I'm glad I will be lucid on August 18th. That's a big day for Olivier. We will go over to the middle school and he'll pick up his schedule and books. He'll also get his school picture done, get his student ID and be able to walk around the campus and find his classrooms. I didn't want to be dopey for that. It is really important, and I was going to drag myself out of bed if need be to go with him. I'm glad I won't have to do that! Middle school is a big step and I want to be present for Olivier as much as possible to help him adjust.

My prayer requests:
  • That my body continue to heal. I've got 2 weeks to get in as good of shape as I can for chemo. I also hope to be able to sleep as I begin to scale down the pain meds at night.
  • For wisdom as we research and make a decision on the adriamyicn.
  • That our family treat each other with an extra dose of grace and patience. Isn't it sad we sometimes treat total strangers better than we do those we say we love? This is a tough journey for each of us individually as well as a family. We need continual refilling of the Holy Spirit upon our home and in our lives. We're very leaky!


  1. I'm glad they didn't give you a percentage, too. Blech.

    I'm sure you've explored the myriad of ways women work through the chemo, that it affects everyone differently; It doesn't sound like you are terribly scared... I'm glad!

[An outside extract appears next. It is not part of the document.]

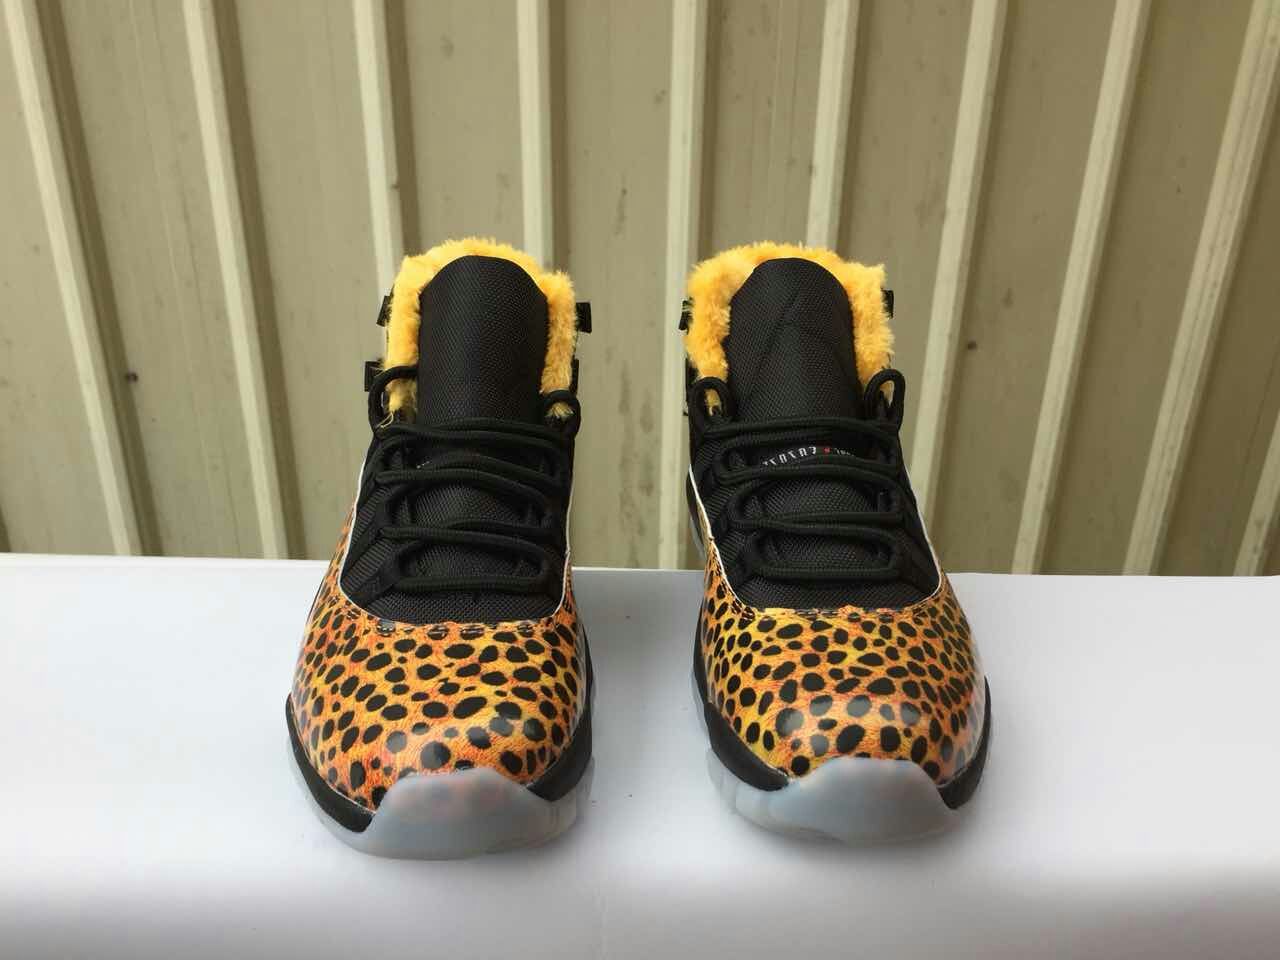 New Air Jordan 11 Leopard Print Yellow Black Shoes

    A dear friend of mine who had breast cancer at 23 years old had a pile of bricks, one for each chemo treatment (I think she had like 12?) and when she got home from them, she took a sledgehammer and pulverized the brick that represented that chemo session. I loved that idea! Pulverize brick/pulverize cancer. Yeah, baby!

  2. Thank you for the update Tonya. I've been thinking about you so much. I like the way you said your family was 'leaky'. That was cute.
    Love you, and continued prayers.

  3. I didn't do the adriamycin. I was worried about my heart, as we have a history of heart trouble.

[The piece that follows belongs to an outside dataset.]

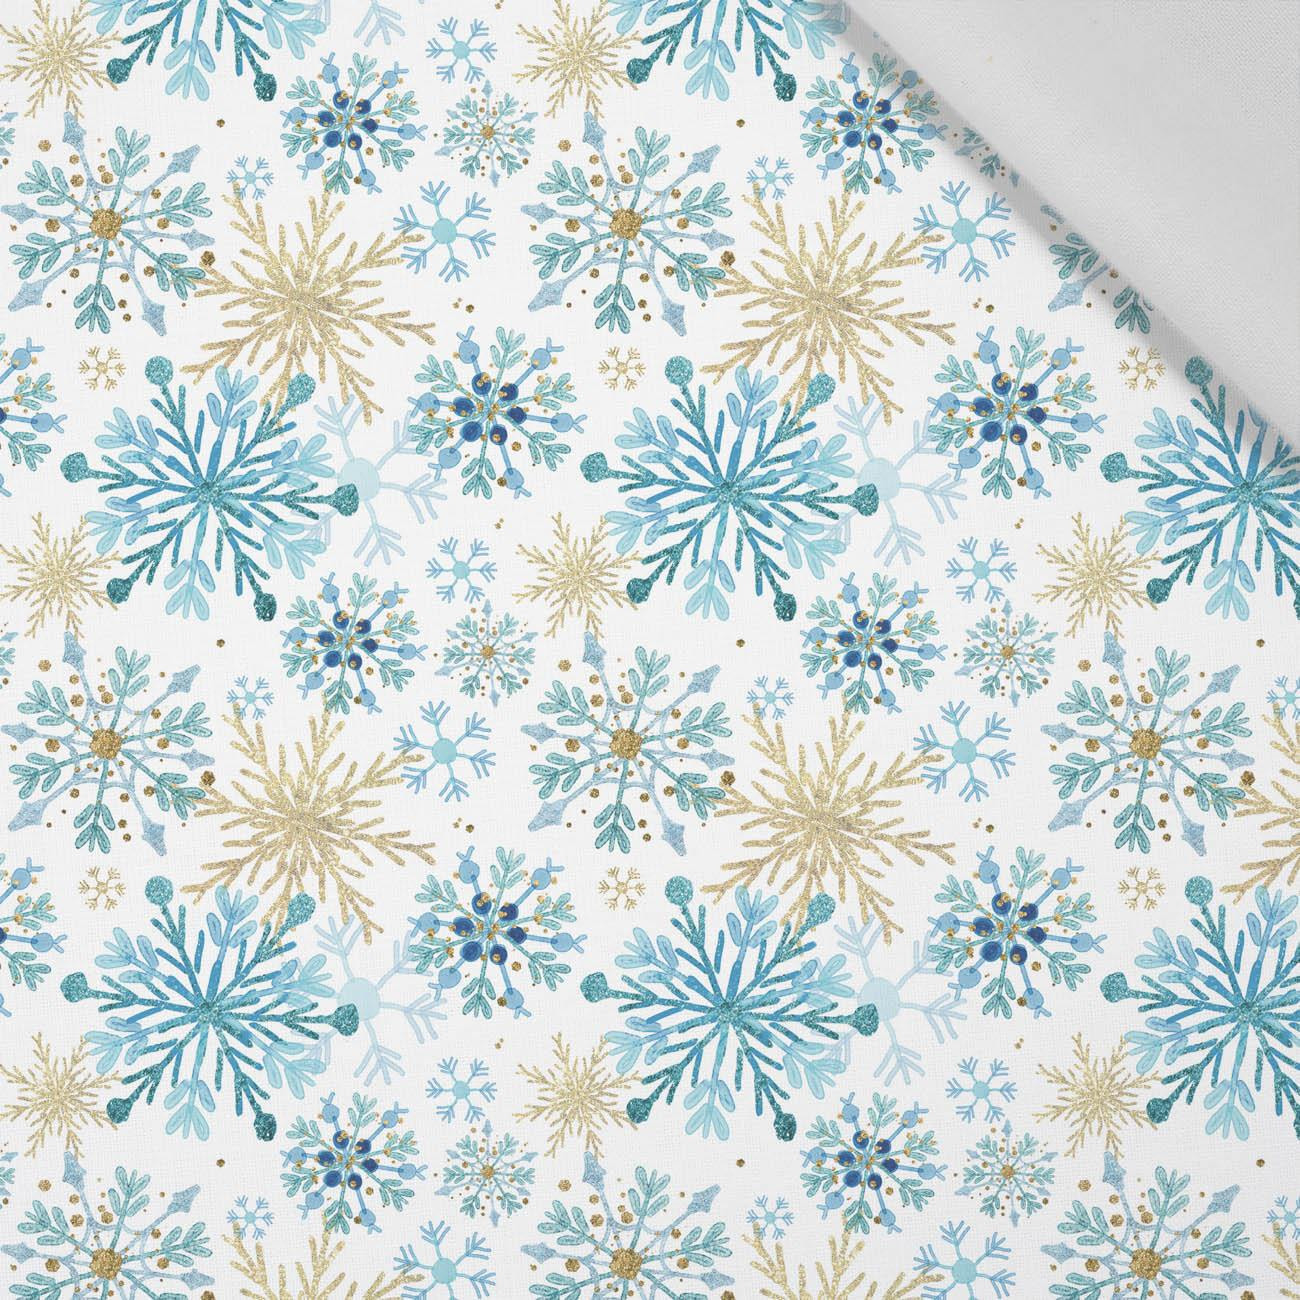 BLUE SNOWFLAKES  - Cotton woven fabric

    I'm sorry it has to be so soon, yet glad "it" will be destroyed sooner than later.

    You're a real trooper . . . tough. Don't hesitate to call, text or email if you have any questions.


  4. Cipro is a pretty big-gun antibiotic and can really mess up your GI system. I see the sense in using it but maybe talk to your doctor about the possibility of some probiotics too? Just to help minimize any GI issues?

    Love the brick idea. And just think, you'll be done just in time for Xmas. Talk about a great Xmas present!

  5. Please research this, MD Anderson, at times, will use Epirubicin instead of Adriamycin.